Check below for series of public technical reports released by RTP-LLM team.
- RTP-LLM DeepSeek Reproduce Tech Report
- 大模型推理新突破:分布式推理技术探索与实践
- 为异构推理做好准备:次世代 RTP-LLM 推理引擎设计分享
- LLM推理加速:decode阶段的Attention在GPU上的优化
- LLM推理加速:decode阶段的Attention在GPU上的优化(二)
- rtp-llm is a Large Language Model (LLM) inference acceleration engine developed by Alibaba's Foundation Model Inference Team. It is widely used within Alibaba Group, supporting LLM service across multiple business units including Taobao, Tmall, Idlefish, Cainiao, Amap, Ele.me, AE, and Lazada.
- The rtp-llm project is a sub-project of the havenask
Applied in numerous LLM scenarios, such as:
- Taobao Wenwen
- Alibaba's international AI platform, Aidge
- OpenSearch LLM Smart Q&A Edition
- Large Language Model based Long-tail Query Rewriting in Taobao Search
- Utilizes high-performance CUDA kernels, including PagedAttention, FlashAttention, FlashDecoding, etc.

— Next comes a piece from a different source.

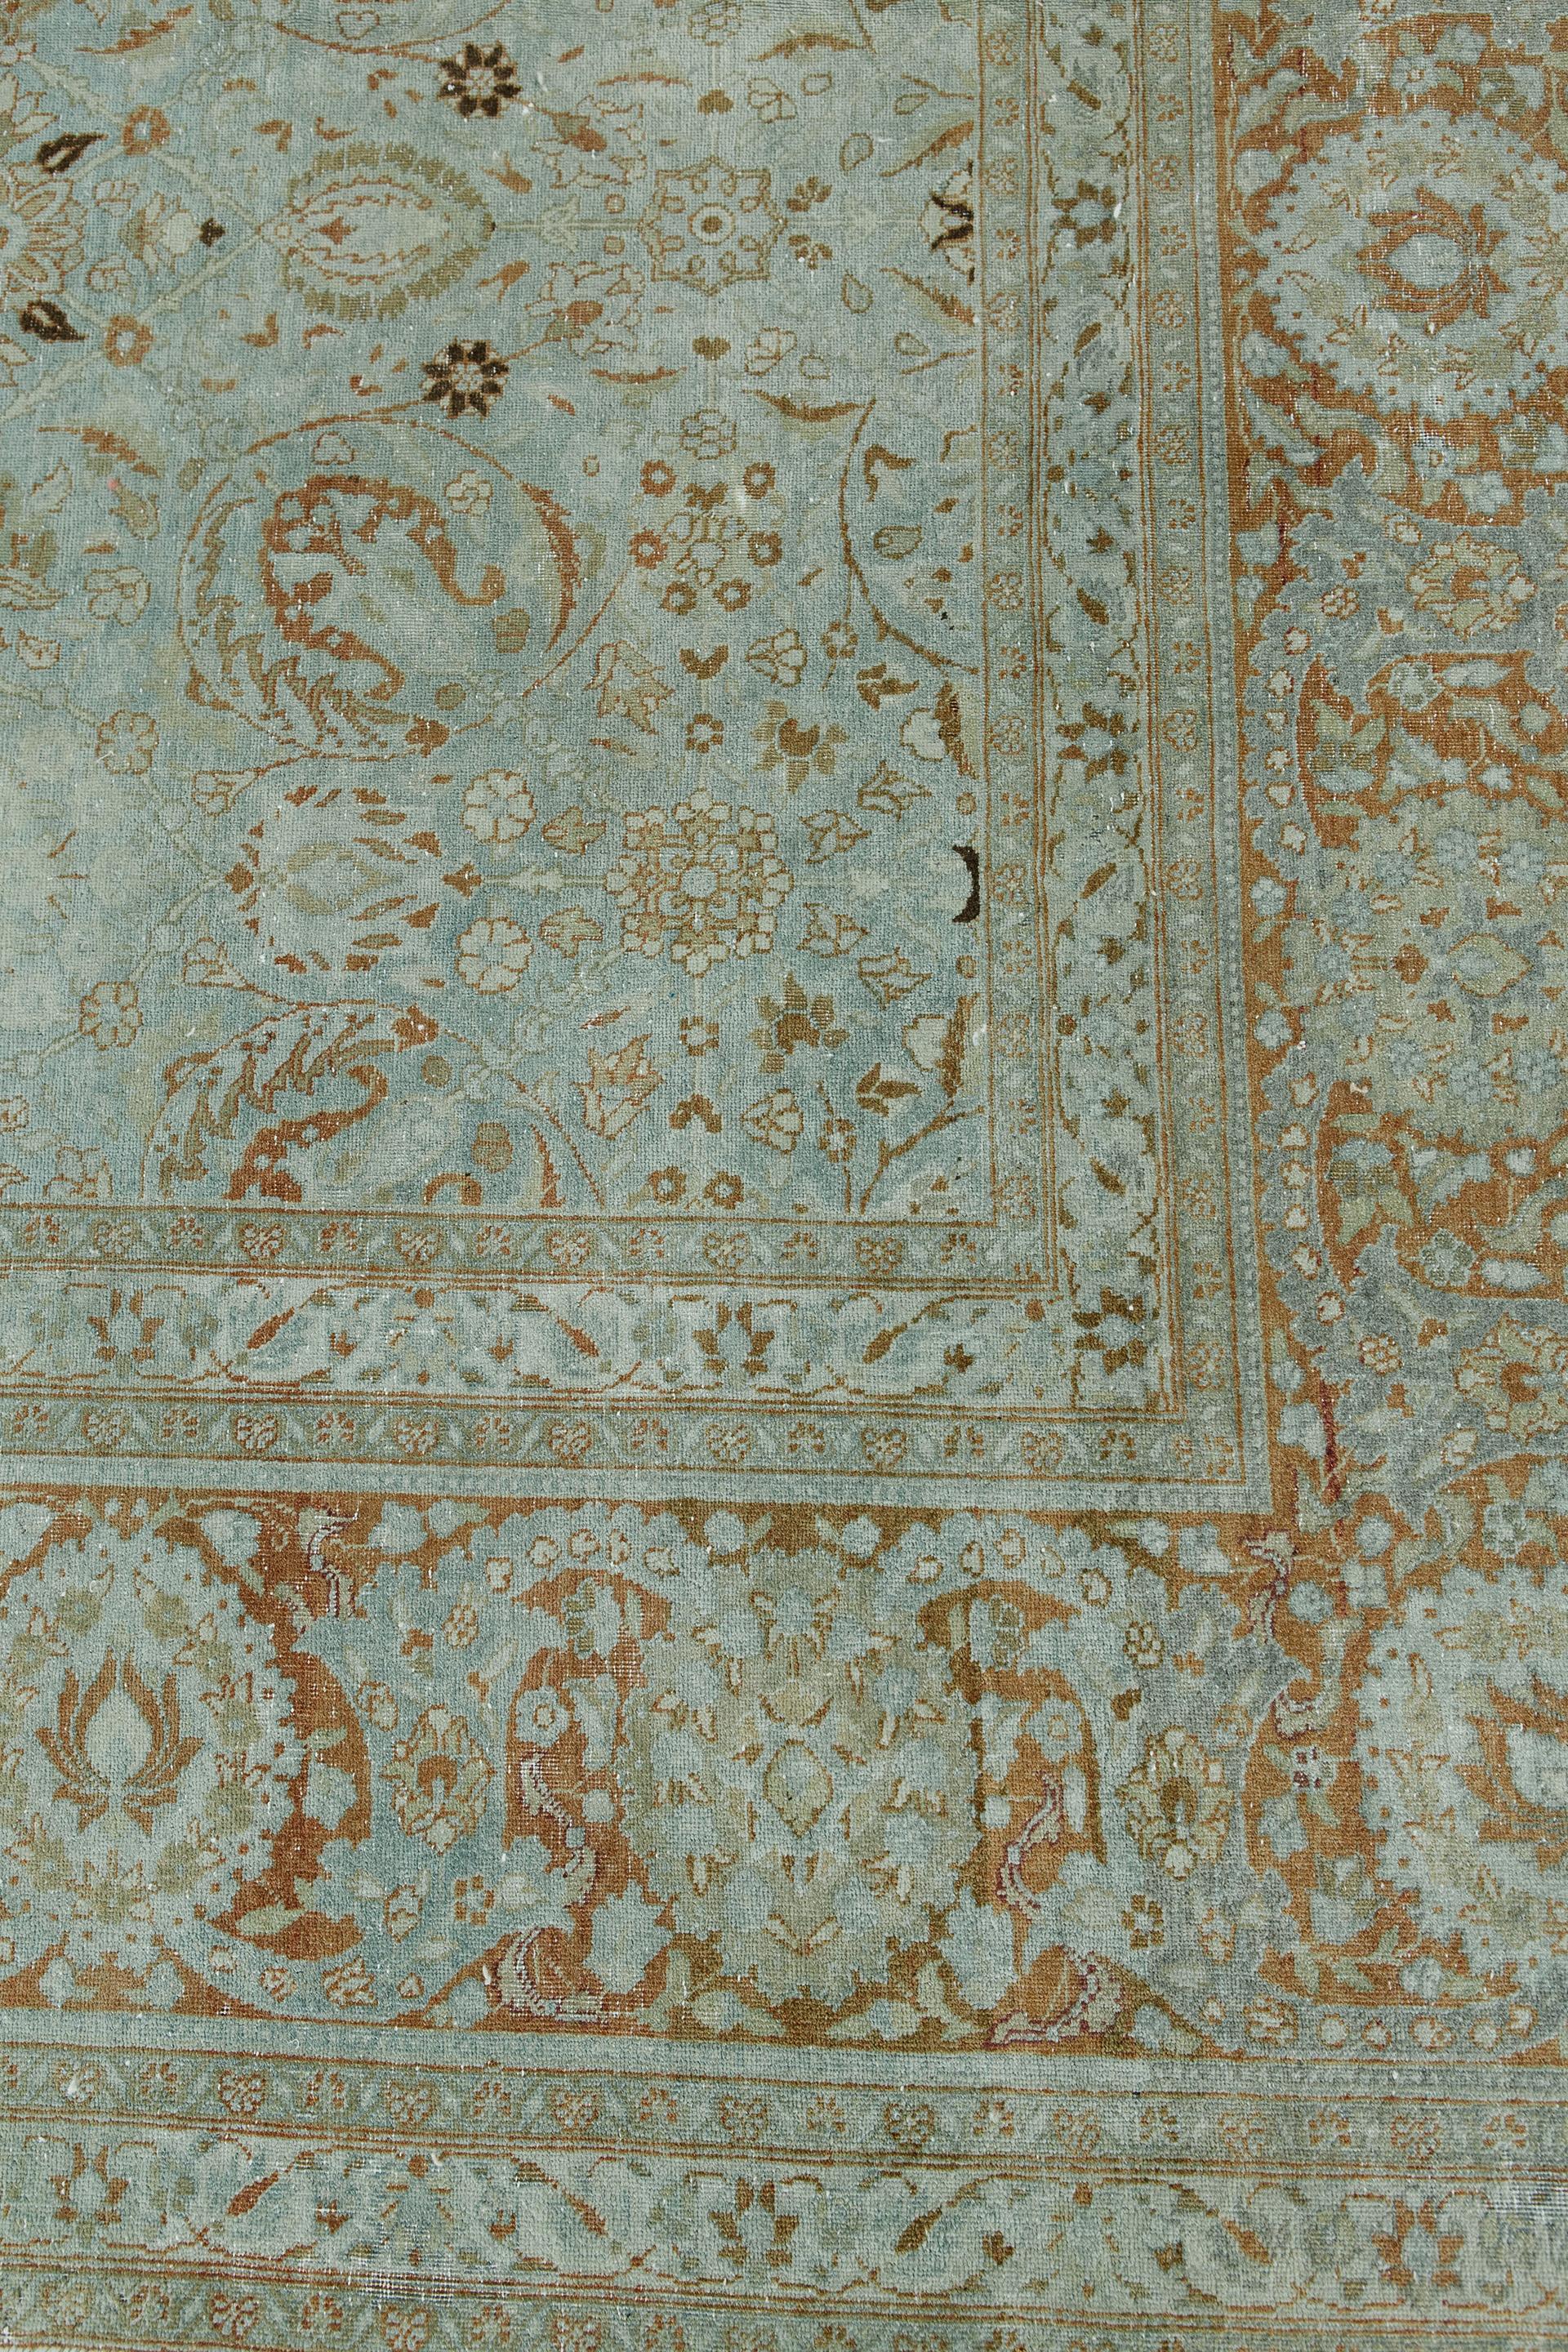 Woven of Classic medallion all over pattern built on a soft pastel blue tone with accents of rust orange. Over 100 years old this hand knotted piece comes from the center of carpet production, Tabriz in Northwest Iran/Persia.

Rug number:

- Implements WeightOnly INT8 Quantization with automatic quantization at load time; Support WeightOnly INT4 Quantization with GPTQ and AWQ
- Adaptive KVCache Quantization
- Detailed optimization of dynamic batching overhead at the framework level
- Specially optimized for the V100 GPU
- Seamless integration with the HuggingFace models, supporting multiple weight formats such as SafeTensors, Pytorch, and Megatron
- Deploys multiple LoRA services with a single model instance
- Handles multimodal inputs (combining images and text)

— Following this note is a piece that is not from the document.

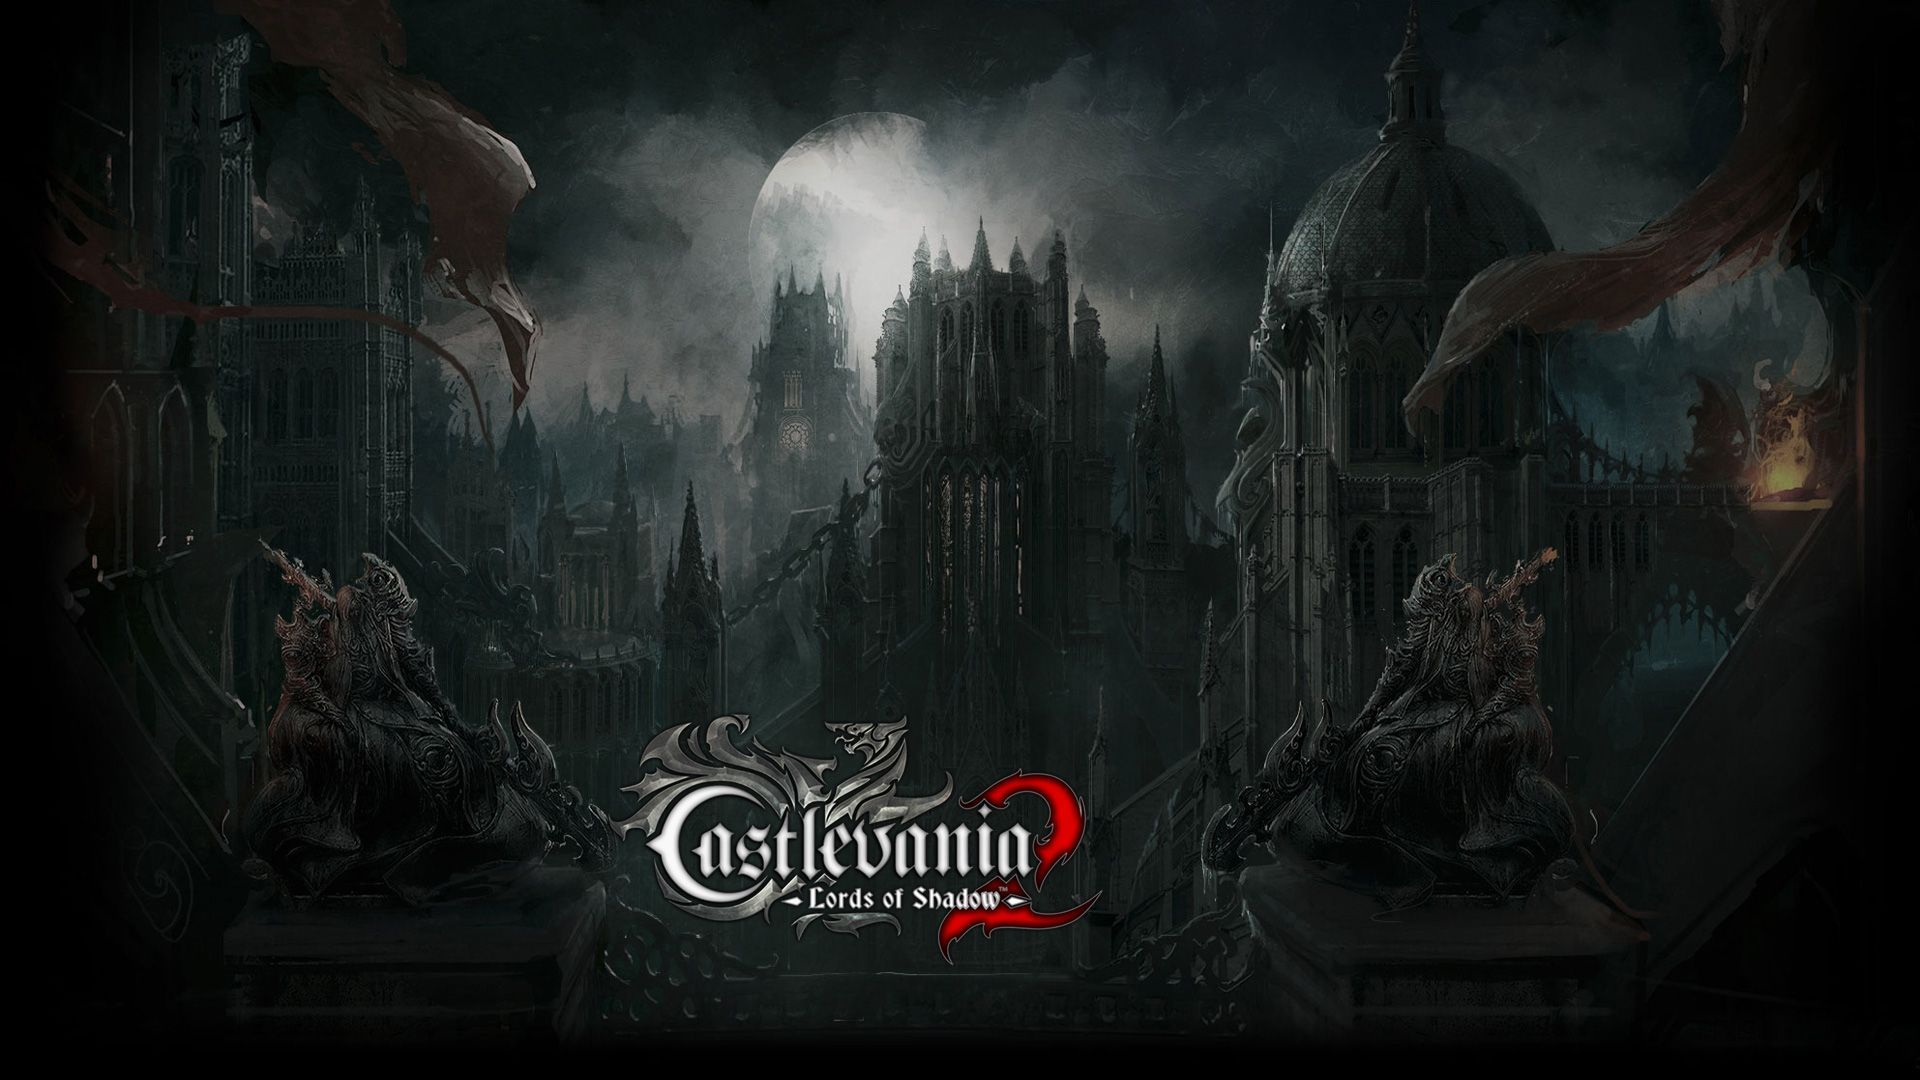 Gallery for - wallpapers castlevania hd

- Enables multi-machine/multi-GPU tensor parallelism
- Supports P-tuning models
- Loads pruned irregular models
- Contextual Prefix Cache for multi-turn dialogues
- System Prompt Cache
- Speculative Decoding
- Operating System: Linux
- Python: 3.10
- NVIDIA GPU: Compute Capability 7.0 or higher (e.g., RTX20xx, RTX30xx, RTX40xx, V100, T4, A10/A30/A100, L4, H100, etc.)
- docker
cd rtp-llm/docker
# IMAGE_NAME =
# if cuda11: registry.cn-hangzhou.aliyuncs.com/havenask/rtp_llm:deploy_image_cuda11
# if cuda12: registry.cn-hangzhou.aliyuncs.com/havenask/rtp_llm:deploy_image_cuda12
sh ./create_container.sh <CONTAINER_NAME> <IMAGE_NAME>
sh CONTAINER_NAME/sshme.sh
cd ../
# start http service
TOKENIZER_PATH=/path/to/tokenizer CHECKPOINT_PATH=/path/to/model MODEL_TYPE=your_model_type FT_SERVER_TEST=1 python3 -m rtp_llm.start_server
# request to server
curl -XPOST http://localhost:8088 -d '{"prompt": "hello, what is your name", "generate_config": {"max_new_tokens": 1000}}'- whl
# Install rtp-llm
cd rtp-llm
# For cuda12 environment, please use requirements_torch_gpu_cuda12.txt
pip3 install -r ./open_source/deps/requirements_torch_gpu.txt
# Use the corresponding whl from the release version, here's an example for the cuda11 version 0.1.0, for the cuda12 whl package please check the release page.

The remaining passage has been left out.